▸ **Assignment**
When you copy the material below, keep every line exact and drop the pictures.

▸ **Given material**
# # # #
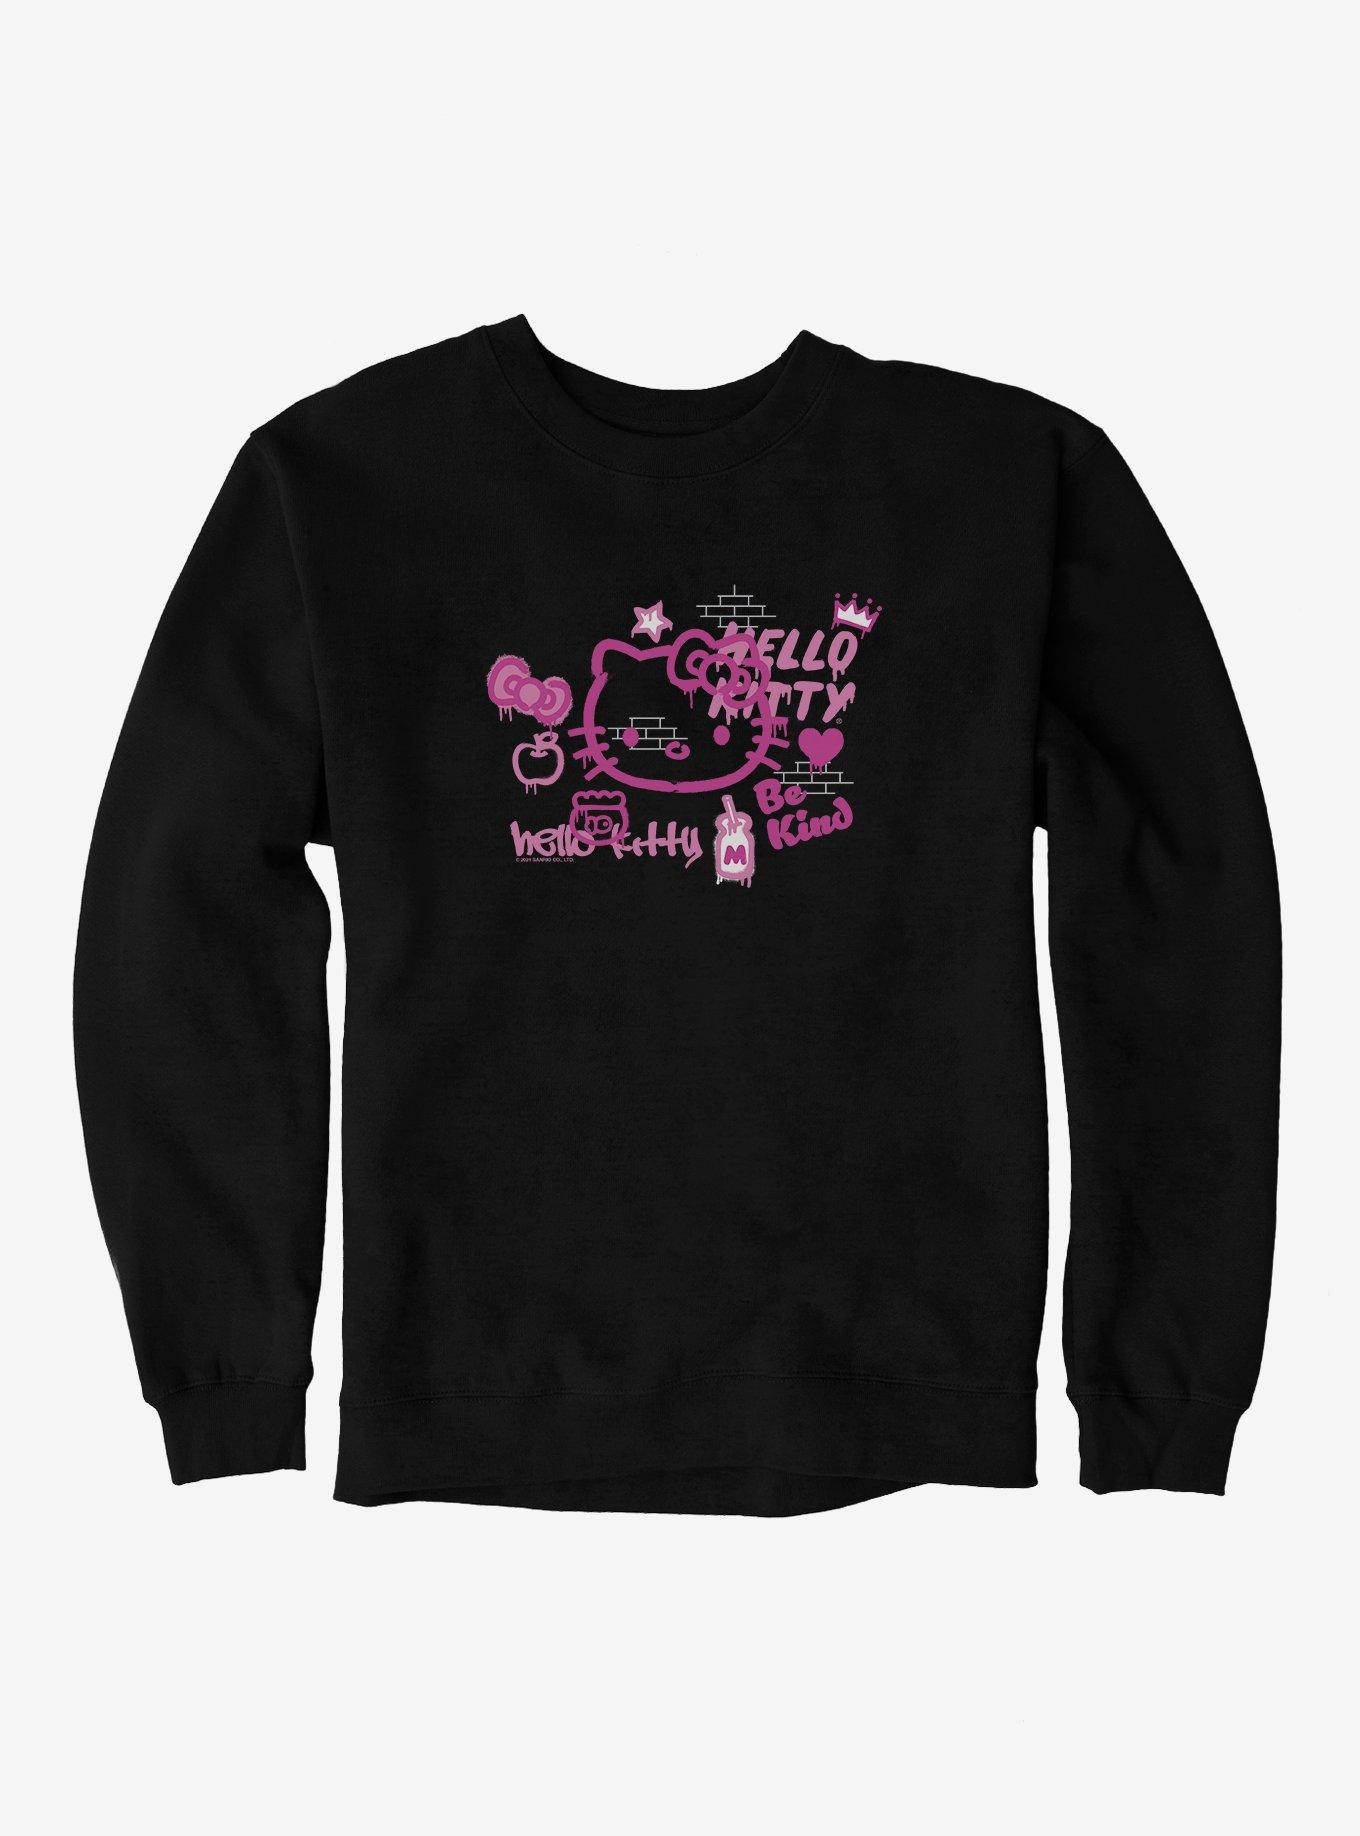 Hello Kitty Be Kind Sweatshirt, , hi-res
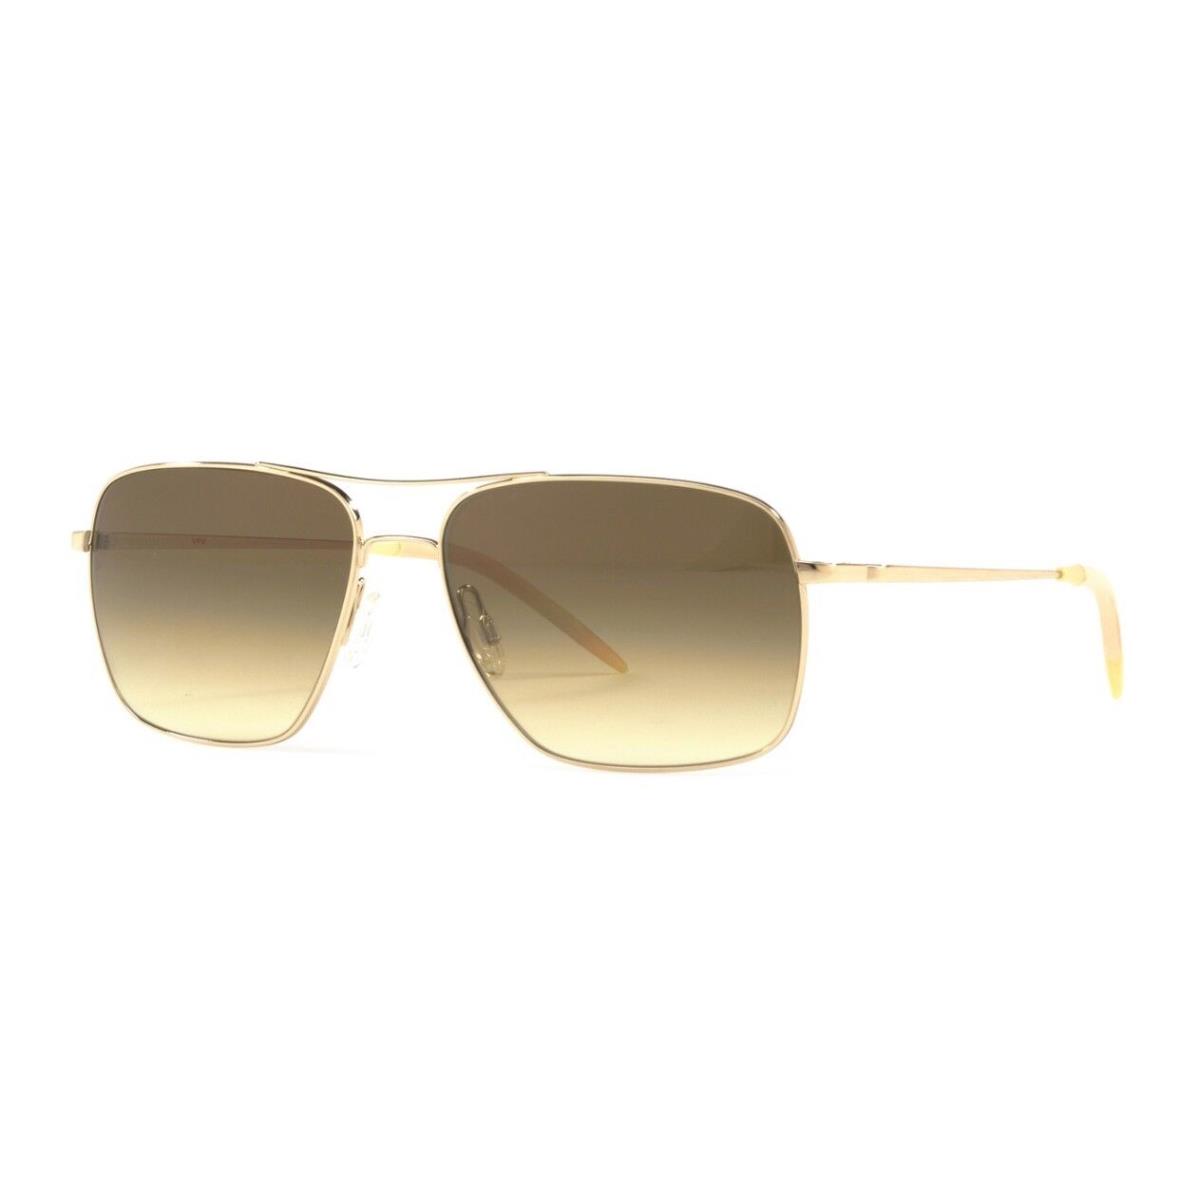 Oliver Peoples Clifton OV 1150S Gold/chrome Olive Vfx 5035/85 Sunglasses - Frame: Gold, Lens: Chrome Olive VFX
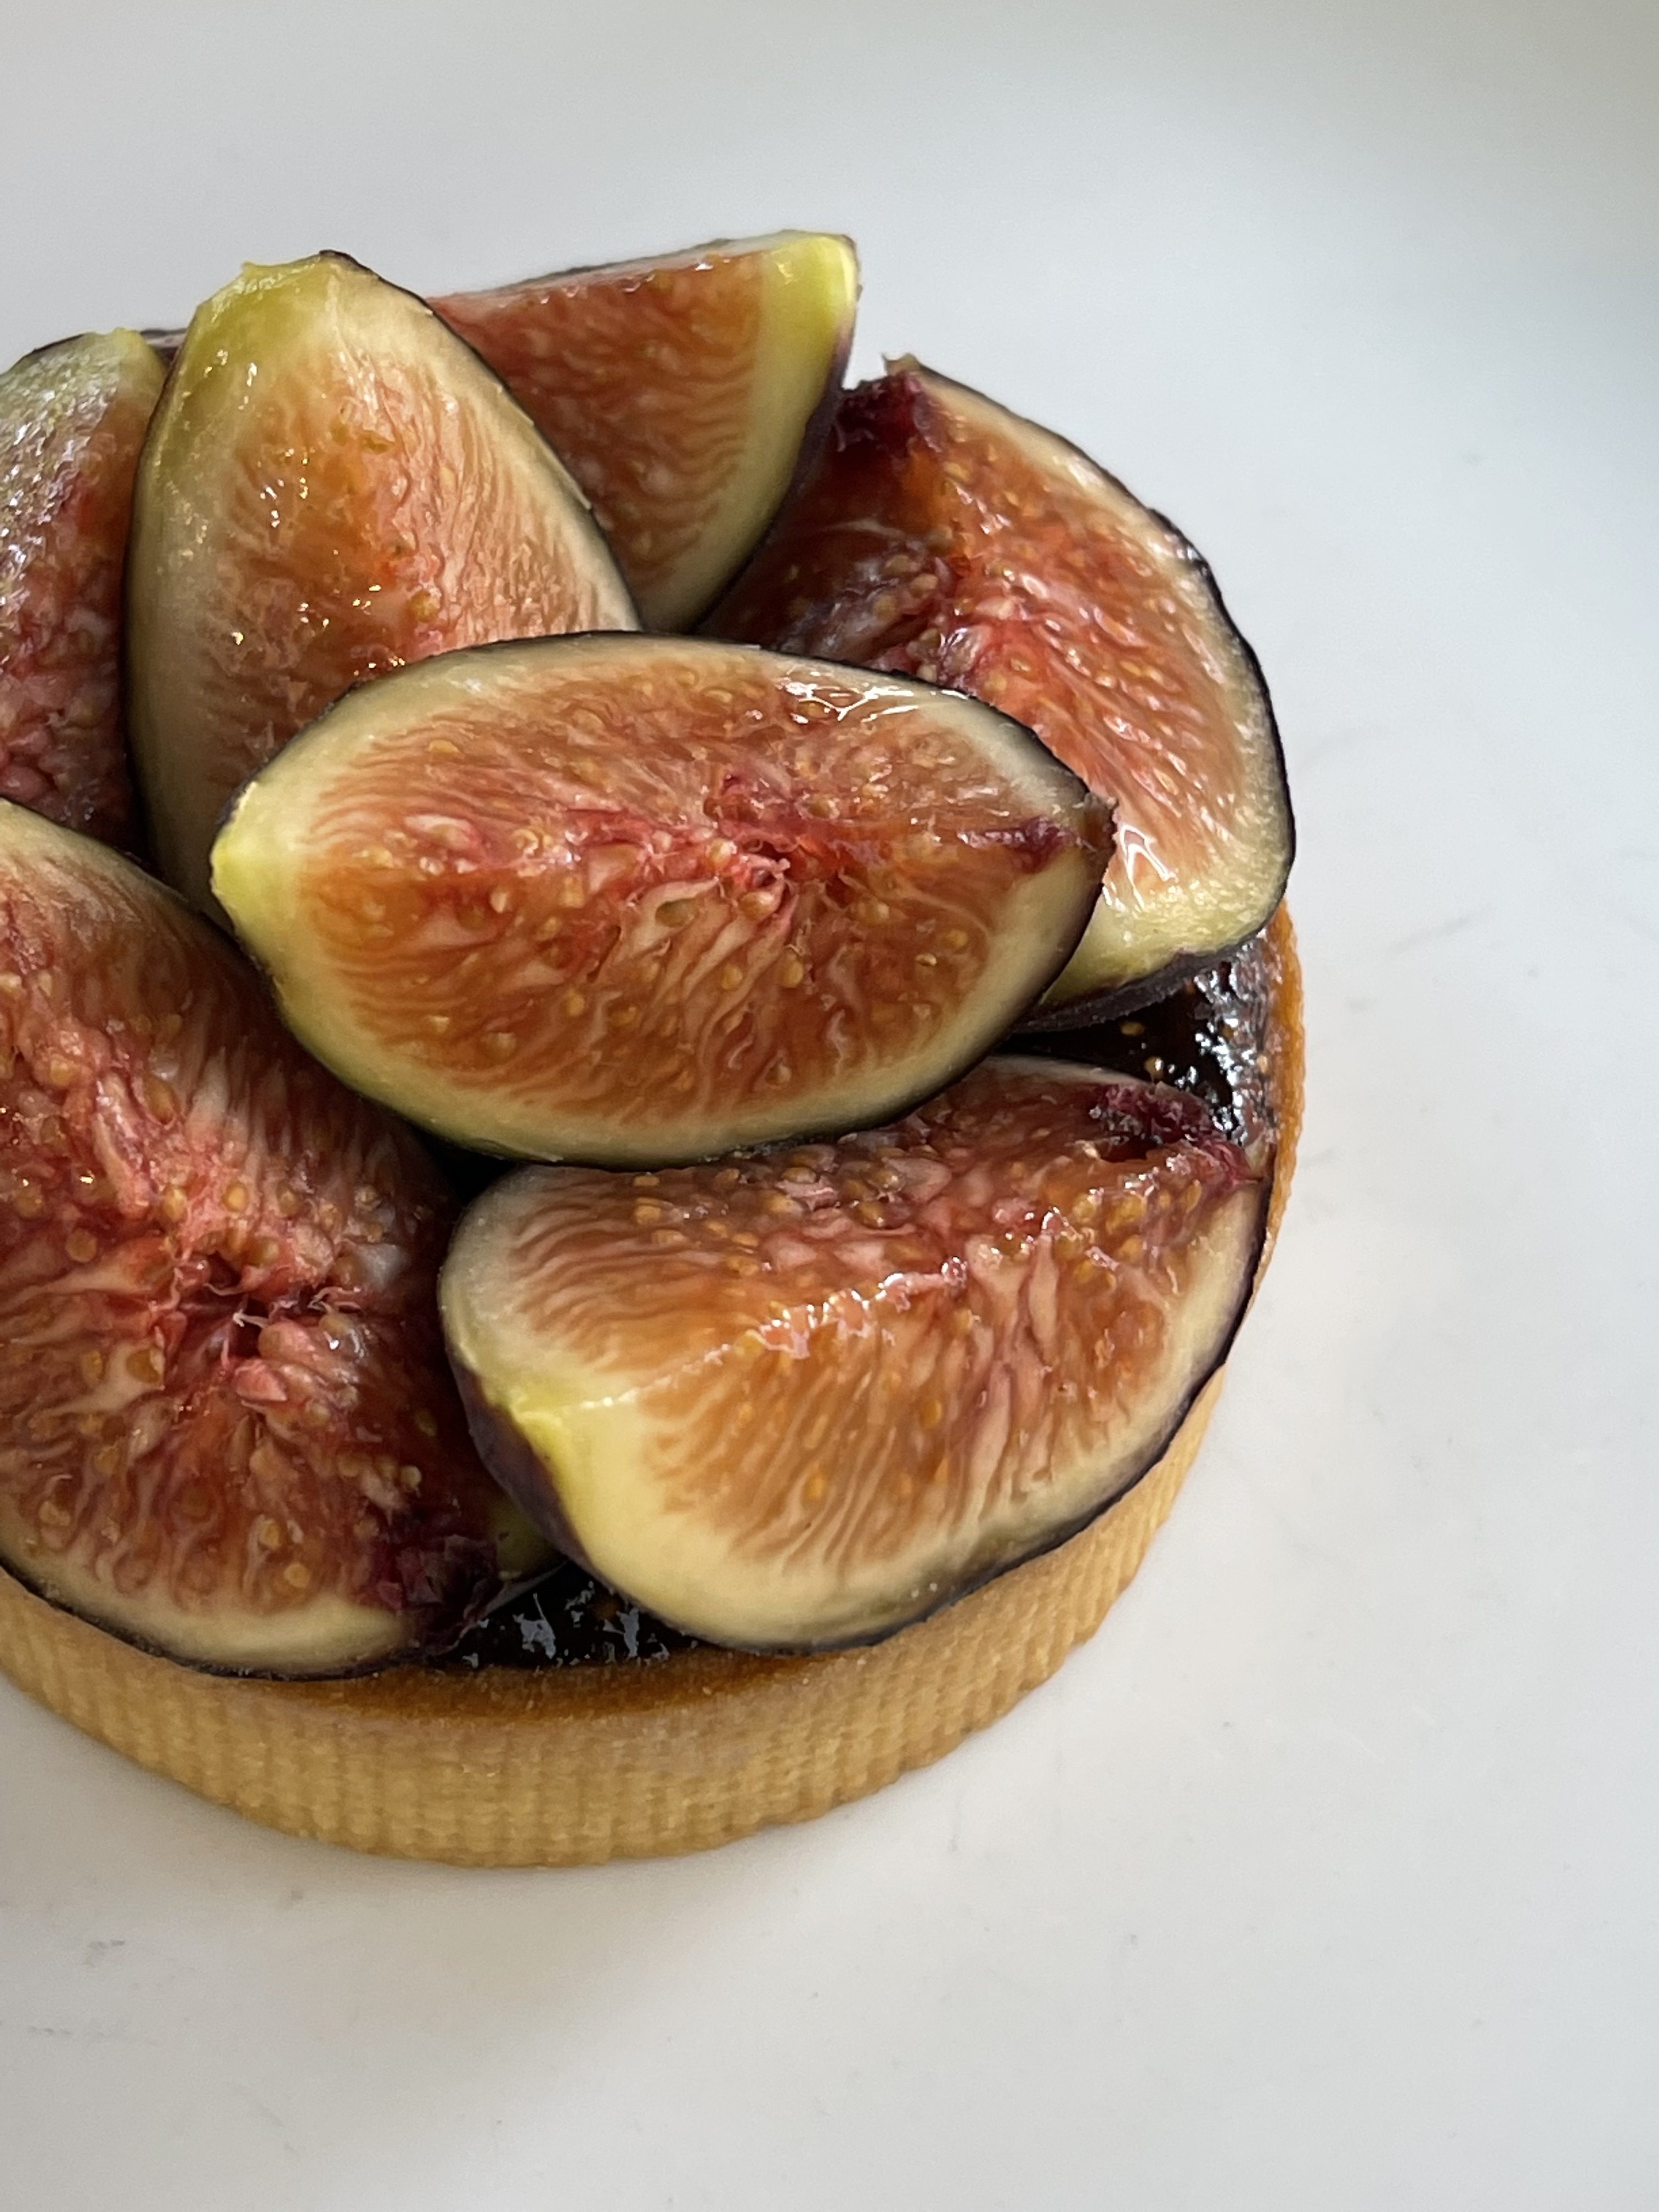 the fig tart
# # # #
▸ **Expected answer**
 Hello Kitty Be Kind Sweatshirt, , hi-res
 Oliver Peoples Clifton OV 1150S Gold/chrome Olive Vfx 5035/85 Sunglasses - Frame: Gold, Lens: Chrome Olive VFX
 the fig tart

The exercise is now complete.